お蕎麦を3日間食べないとさすがに禁断症状が出てしまい、碑文谷の「朝日屋」の開店時間に合わせて飛び込んだ。
大好物の「せいろ」で禁断症状を緩和させるつもりだったが、壁に「ゆずきり、始めました」の張り紙が。どちらにしようかしばし迷った末、注文したのは折衷案としての「2種もり」。「せいろ」と「ゆずきり」を同時に楽しもうというのだ。
いつぞや、三軒茶屋の「安曇野」で「ゆずきり」を初めに食べ、そのあと「せいろ」を食べたら、せいろ蕎麦の繊細な味がわからなくなってしまったという学習をしているので、今回はまずは「せいろ」から。何度食べてもこれは旨い。ホッと落ち着く味である。
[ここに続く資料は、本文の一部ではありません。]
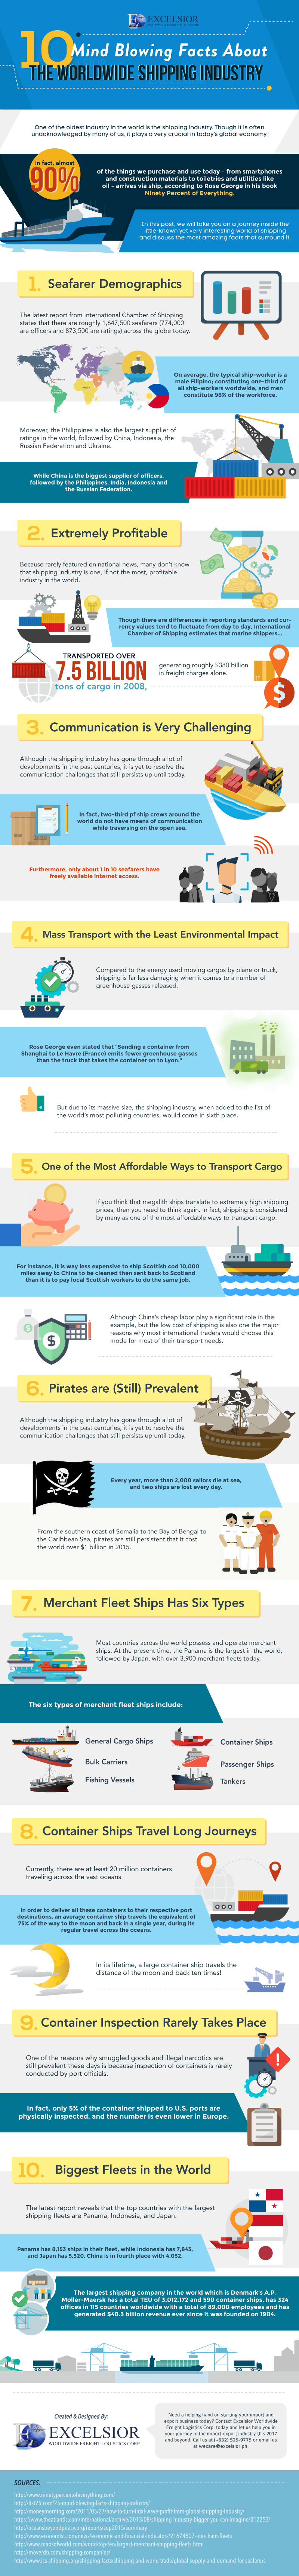 10 Mind Blowing Facts About the Worldwide Shipping Industry

次に食べた「ゆずきり」は「せいろ」よりもコシが強く、ゆずの香りと更科そばの香りとがうまい具合に混ざり合い心憎いほどの味わいである。
お蕎麦のあとはとろ~んとして香り高い蕎麦湯が待っている。これに揚げたての天かすを入れて、七味唐辛子をパラッとふりかけて飲むと別味を楽しむことができる。「朝日屋」はお蕎麦ひと品で2度楽しめるお蕎麦屋なのである。
夕方から会議が日本橋であるので、その前に蕎麦行脚を決行。場所は三越本店に程近い「利休庵」。注文は「もりそば」(580円)にした。
お蕎麦はこのように更科系の白さと細さである。味、香り、コシ、どれをとっても私の好みであるが、もり汁が少し甘すぎたように思われる。午後4時過ぎなのに、お客さんはひっきりなしに入ってくる。これは立地だけではなく、このお店のお蕎麦、店員さんの接客に起因するのであろう。
美味しいお蕎麦を気持ちよく食べられる「利休庵」には日本橋に来たときにはまた寄りたいと思う。